His hand catches onto something cool and smooth and soft. He can feel fingers twining between his. He holds on. He won't let go. She holds on, too. "Don't leave me, Doc. Don't leave. Please don't leave." Aaron isn't entirely sure he's speaking, or if he's making sense. It doesn't matter, because she's looking right at him and she knows, and her fingers seal the pact.

"I won't leave. Go to sleep, now. You need to rest. You'll be fine if you get some rest." Her other hand is against his cheek. Her thumb is rubbing his temple. Aaron can't believe what he's hearing. She's lying. She's lying like the other doctor. She's lying like Hirsch. Kenneth doesn't care. Kenneth believes her. Kenneth wants to hold her hand and sleep and dream, protected by an angel with dark hair and slender hands.

Aaron tries to fight the exhaustion, to combat the drugs seeping through tubes into his blood. If he gives in, how does he know it won't be Kenneth who wakes up? Aaron knows why he is here, what they want him to do. Kenneth would break. Aaron struggles to sit up, so weakly that she doesn't need force to keep him down.

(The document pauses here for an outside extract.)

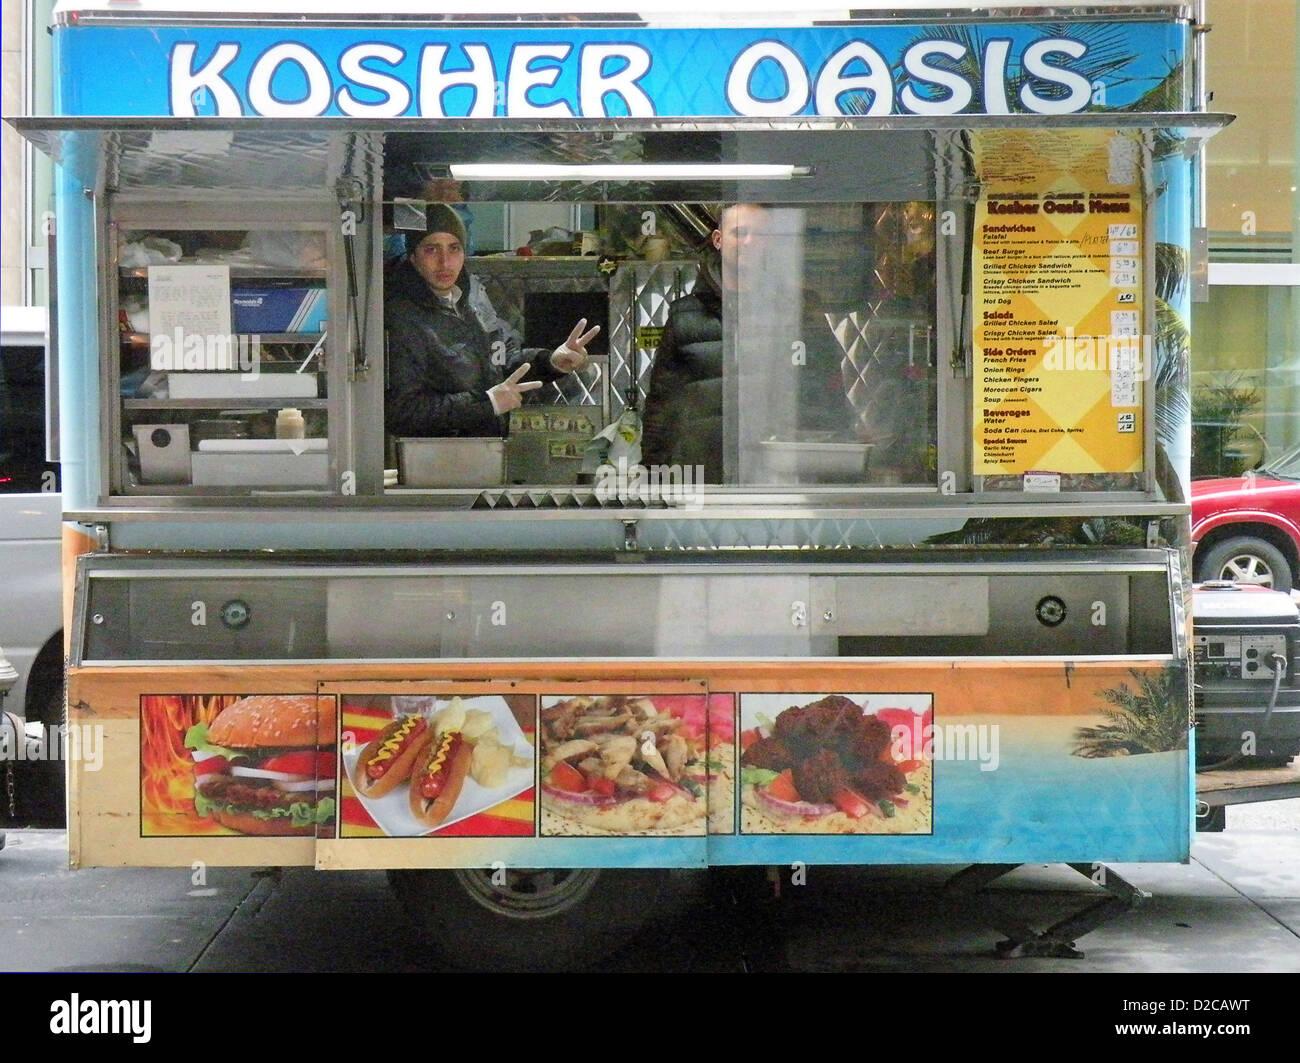 Kosher Food Truck In Orlando

Her dark eyes turn on him, earnest, "Do you want to live?"

"Yes," Aaron whispers. The word drains the last of his strength and even the effort of keeping his fingers curled around her hand is too much. When she tightens her grip, he closes his eyes and sleeps.

He's surprised when Kenneth is right. He's surprised there is no parched desert waiting for him behind his eyes.

And when he opens them again the room is dark. He's hungry. He hasn't been hungry since they gave him the injection. Aaron tries to move and realises that the weight of his hand isn't his. There's hardly any light, only the dim glow from the monitors Aaron is hooked up to. Enough for him to see with surprising clarity. Her slim fingers are draped over his hand, delicate as a bird's bones. Maybe not an angel, Aaron decides, but she was his guardian nonetheless. He will be hers.

He looks at the rest of her, twisted into a chair, asleep. Her neck will be in agony when she wakes up. He should move her. When Aaron stirs, her eyes open in a flash. She's half way out of her chair before Aaron catches her hand, "It's alright, Doc."

She looks down at him, arches a brow. He's amused her. Aaron catches the irony. "Sorry, was that supposed to be your line?" She smiles. Aaron can look at that smile all day. But it's not directed at him anymore. She's looking out the dark window on his far side.

"It's raining," she says. He turns to the window, can see the rivulets running down the spotless glass.

"Yeah, it is." It's raining in the desert. Aaron smiles.